WHAT TO WORK ON: Locate "Arctis 9X SteelSeries headset" in the data below, then output the line it is on and all following lines through the last, word for word. Skip any pictures.

GIVEN MATERIAL:

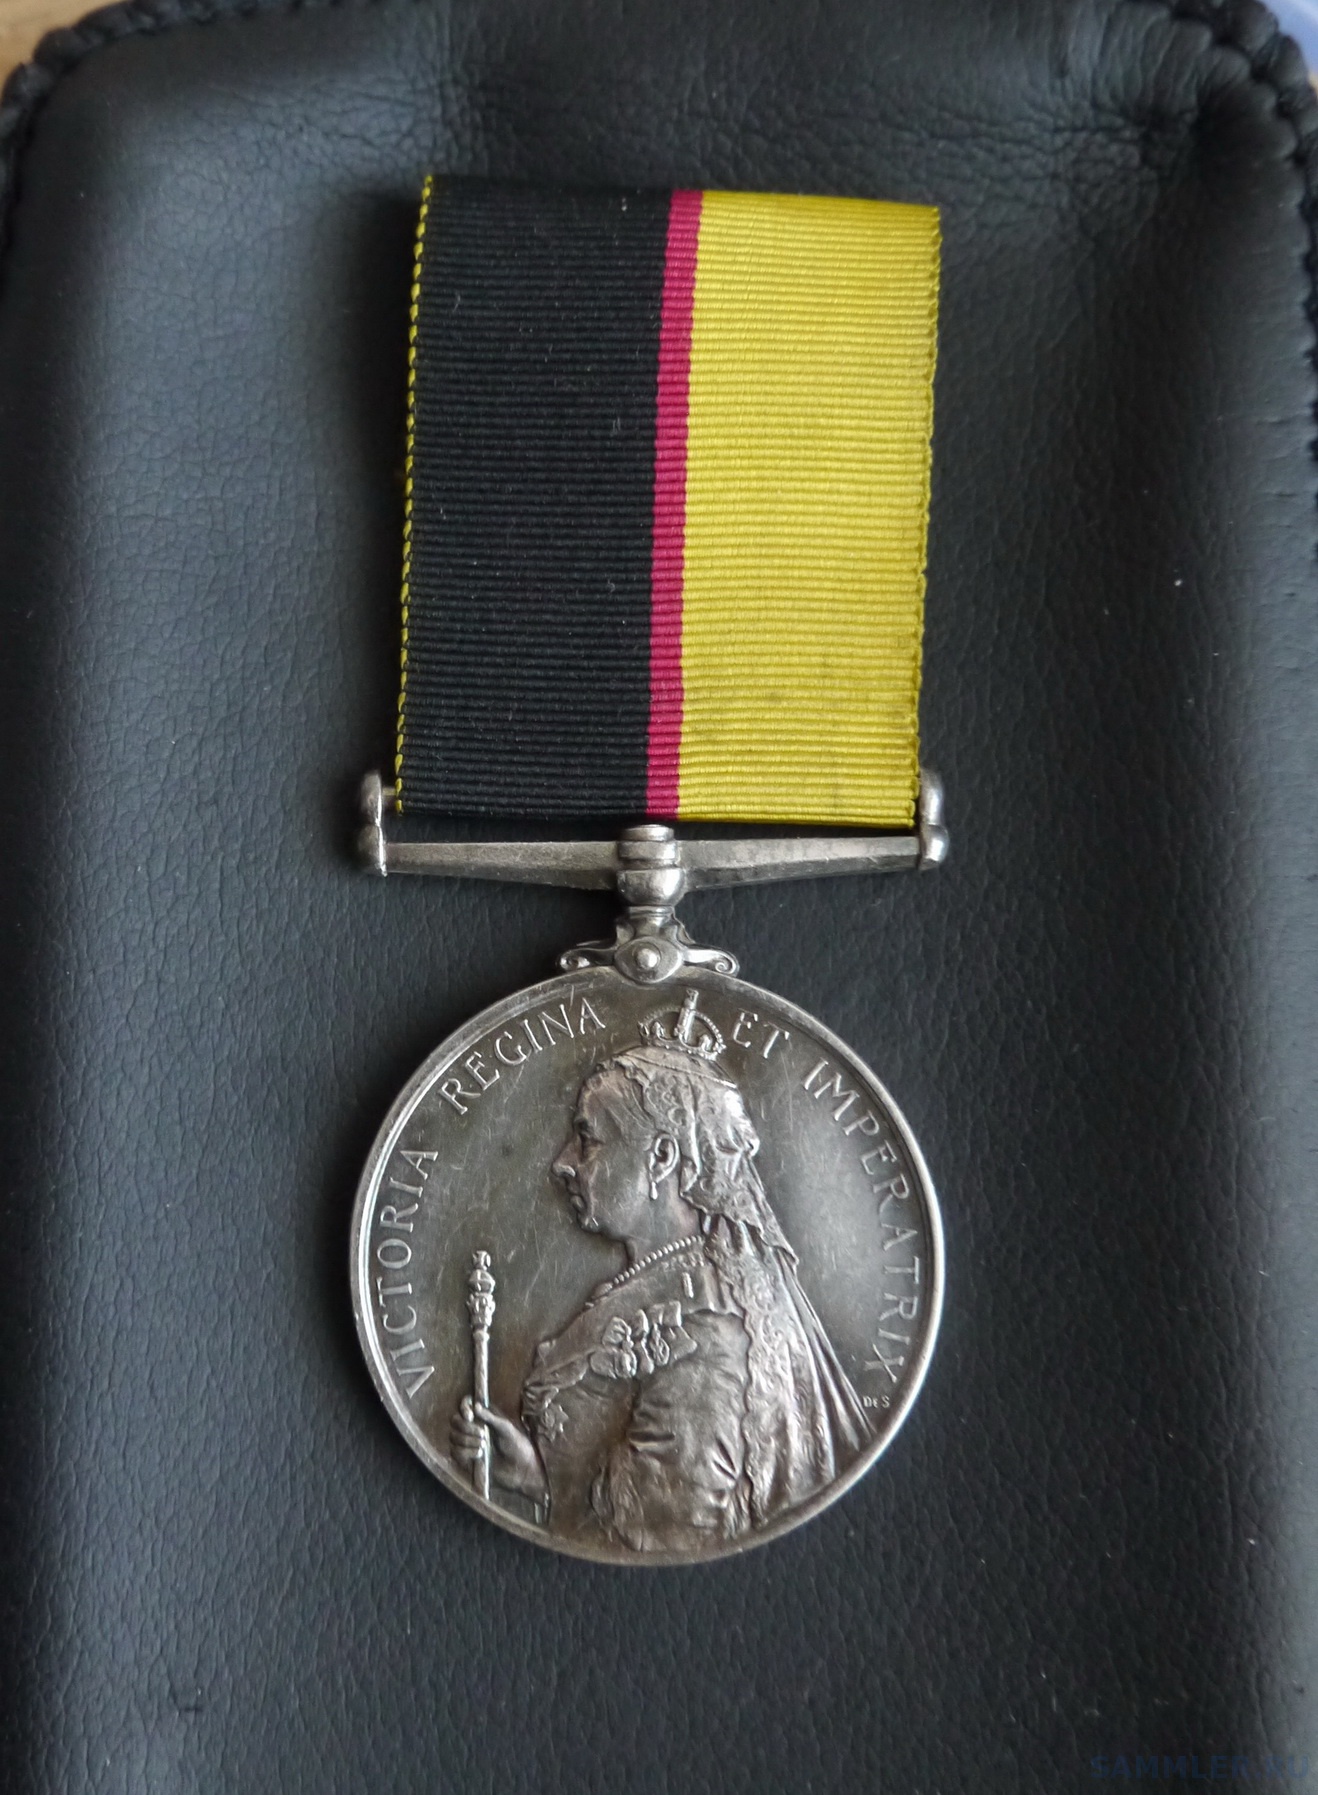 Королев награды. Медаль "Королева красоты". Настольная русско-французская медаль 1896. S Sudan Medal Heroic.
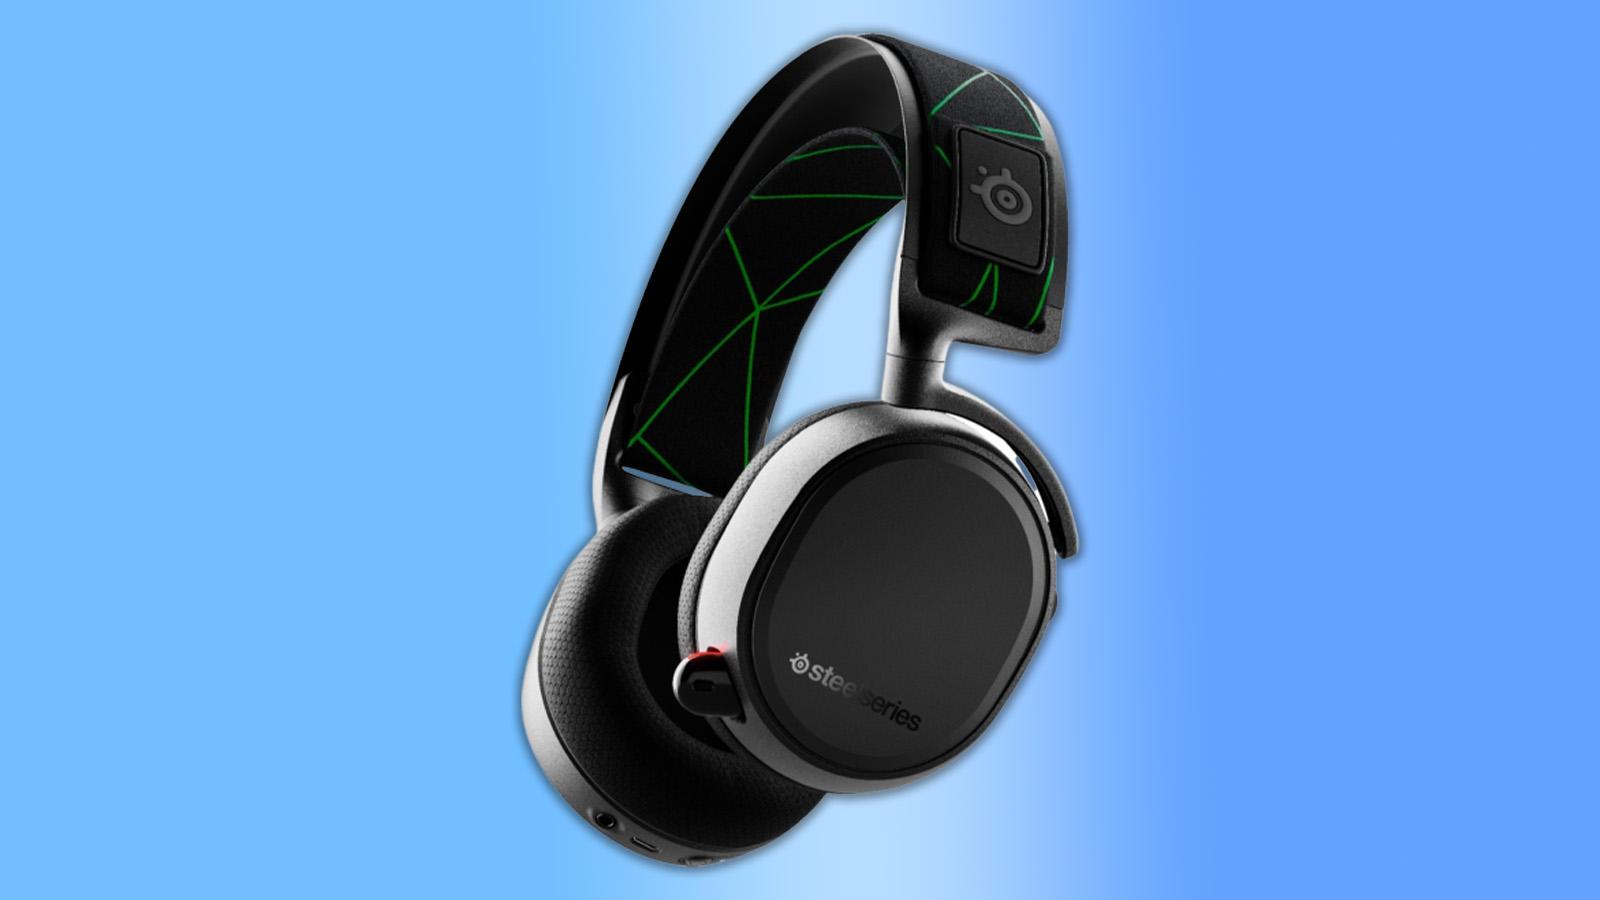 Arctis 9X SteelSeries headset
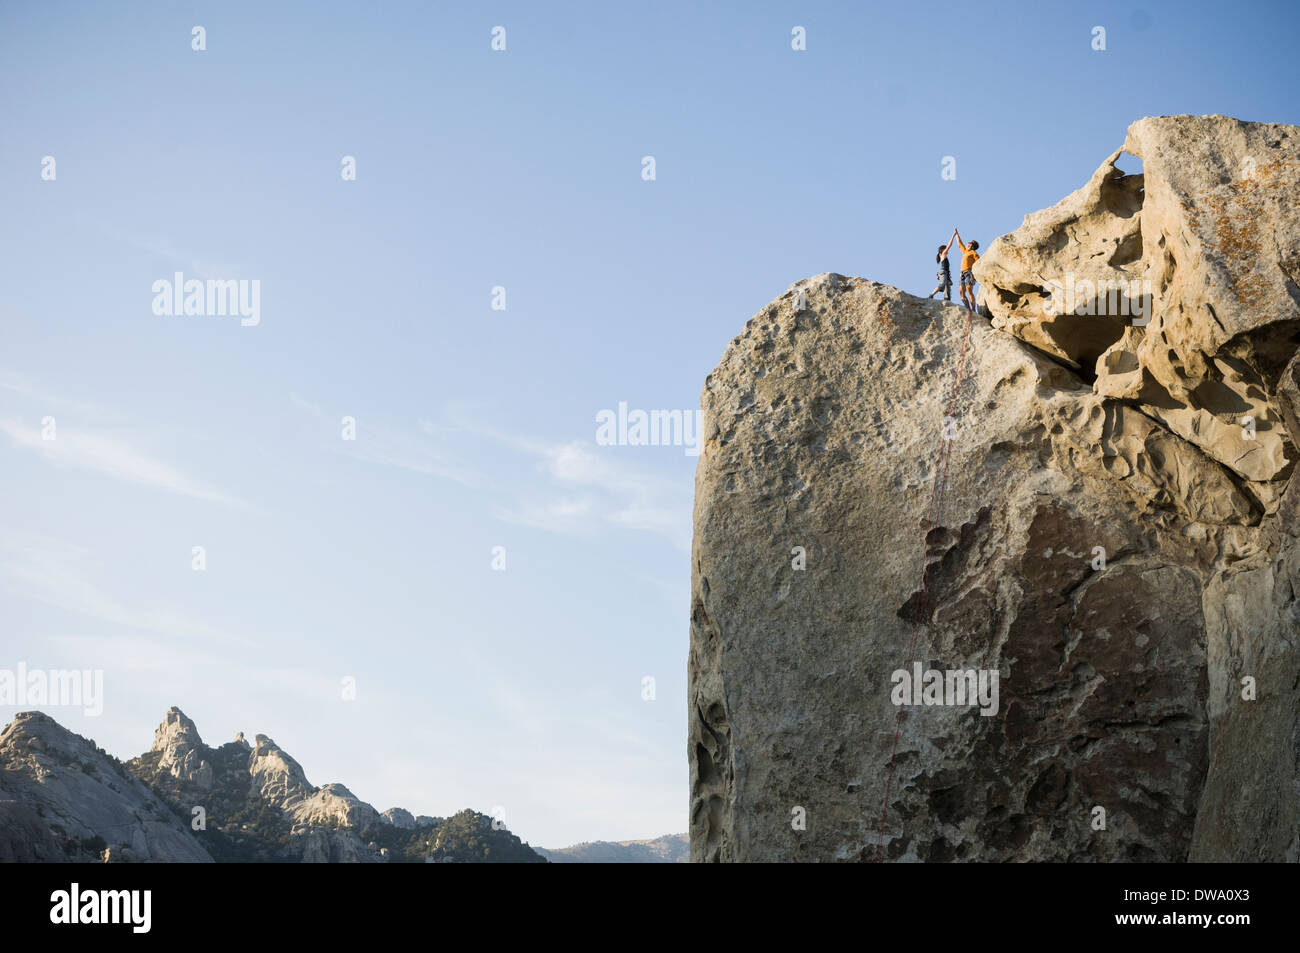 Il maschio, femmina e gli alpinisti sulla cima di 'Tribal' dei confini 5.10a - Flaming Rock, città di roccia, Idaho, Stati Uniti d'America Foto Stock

EXERCISE RESPONSE:
 Arctis 9X SteelSeries headset
 Il maschio, femmina e gli alpinisti sulla cima di 'Tribal' dei confini 5.10a - Flaming Rock, città di roccia, Idaho, Stati Uniti d'America Foto Stock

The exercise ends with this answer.